Add Great West under their Empower Retirement brand name as the latest bundled provider being sued. Great West is being sued for revenue sharing fees from mutual funds as part of their program.
Great West is being sued by a participant from the TPS Parking Management LLC 401(k) plan and the suit seeks class action status. Why class action? Well it seems TPS Marketing has $7 million in assets and Empower covers 32,000 plans, 7 million participants, and administers more than $416 billion in assets. Even if you learned common core math, you can figure it out.
I love the term “kickback” being thrown around in the complaint to describe revenue sharing because I often labeled revenue sharing payment as a “kickback”, “pay to play”, or “payola” years before it became popular.

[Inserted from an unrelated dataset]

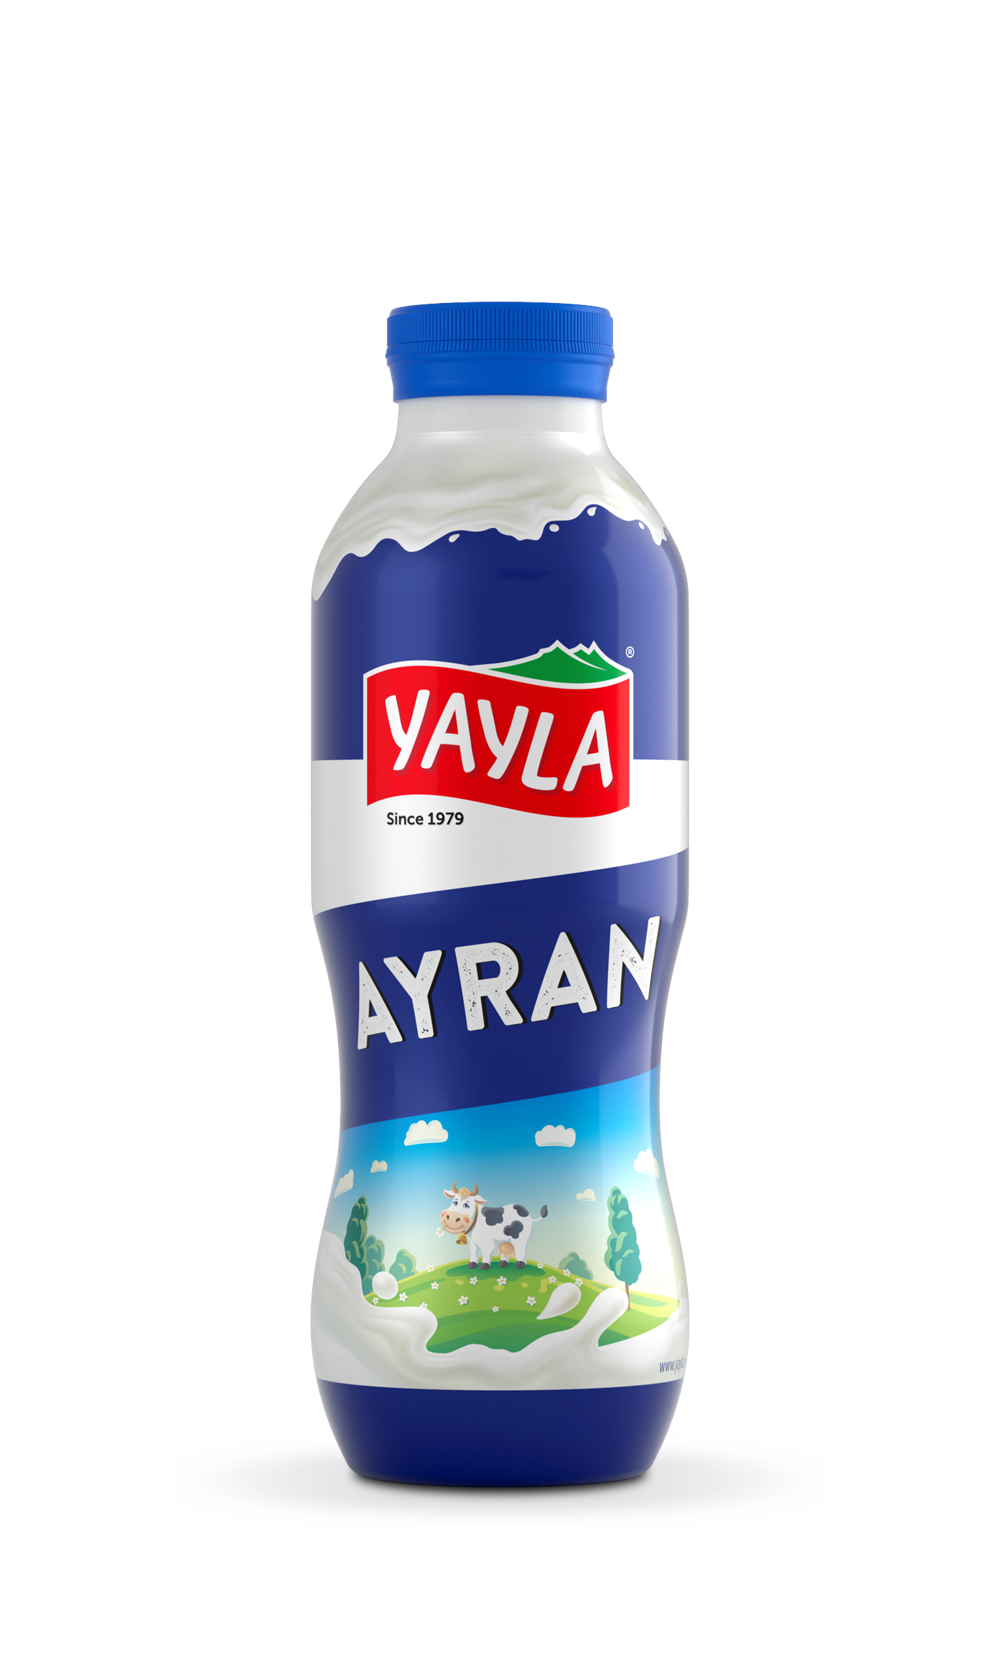 Ayran-Joghurt-Drink nach türki­scher Art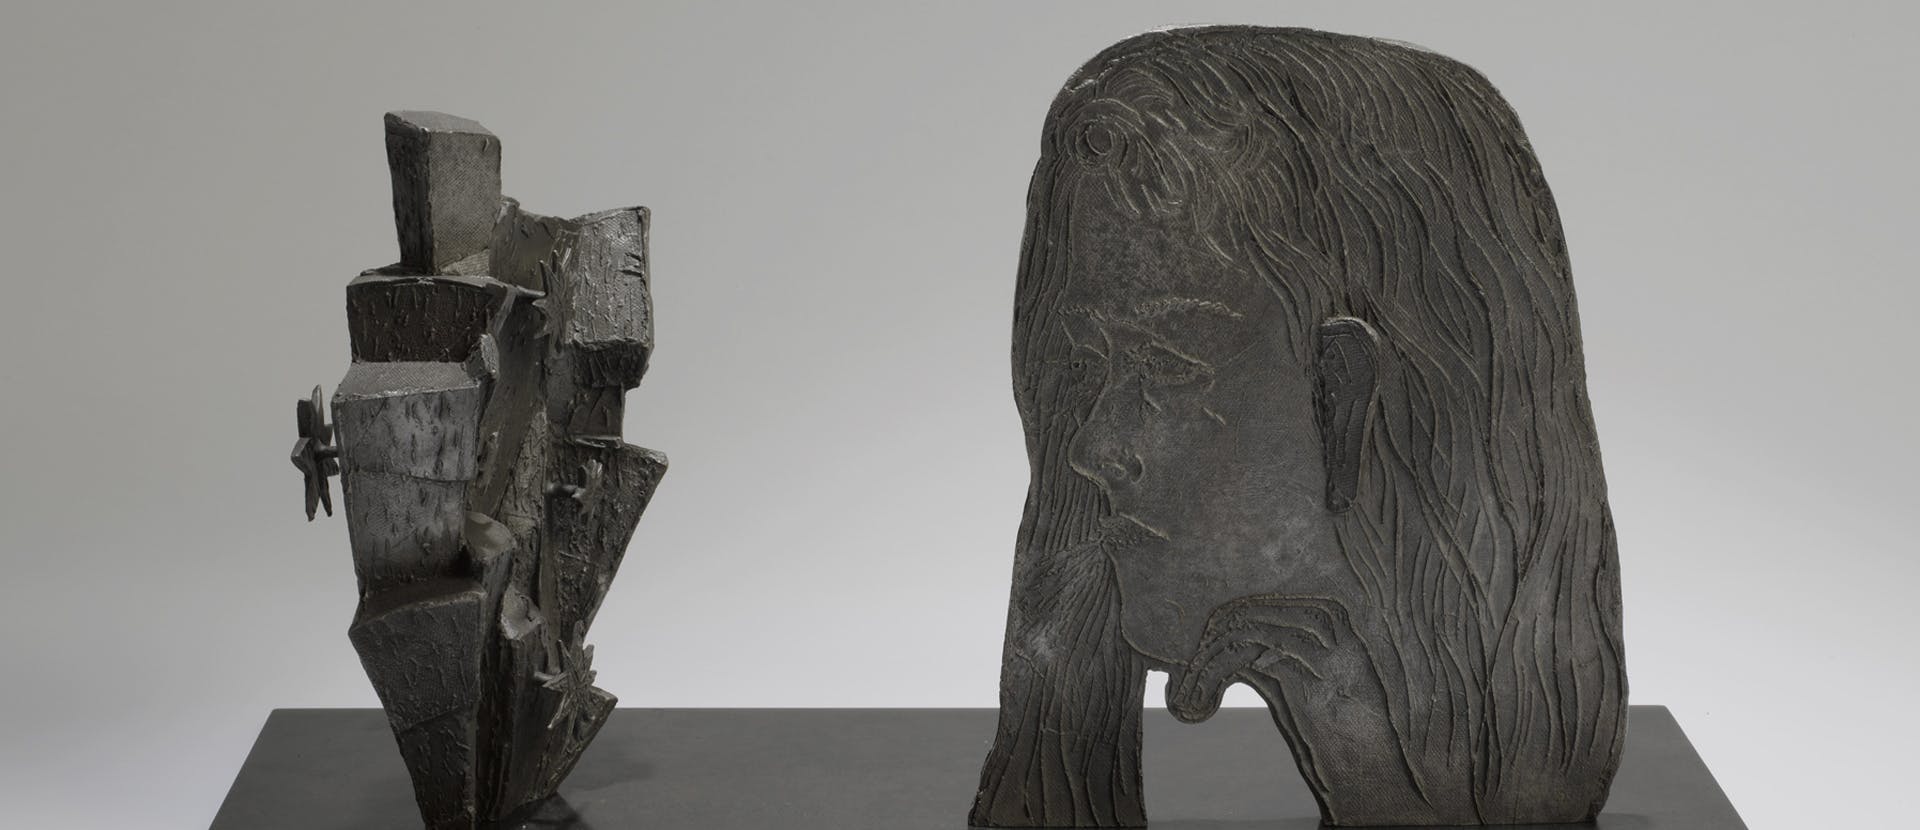 mammal wildlife animal elephant figurine art sculpture bronze archaeology wood

While I don’t care for revenue sharing and it inadvertently exposes plan sponsors to liability, I think this lawsuit is going to get tossed because I think it’s going to be hard to treat Great West as a fiduciary unless they did something overt to make them a fiduciary. Great West is only going to be on the hook if they are treated as a fiduciary and Great West has a smart team of lawyers that try to make sure that Great West’s contracts and policies avoid them becoming fiduciaries.
While we often hear about the headlines of some of these big settlement ERISA cases, I’m sure many of you don’t realize that providers like Principal, American United Life, and John Hancock heave beaten back lawsuits that have tried to place them on the hook for investment selection because they were not considered fiduciaries.
The lesson here is that even if Great West wins their case like the others, litigation is costly and that’s the cost of using revenue sharing whether you win the case or lose. So is using revenue sharing funds worth the headache? I think revenue sharing is a dying practice and we’ll shake our heads within 10 years and remember that this silly practice once existed.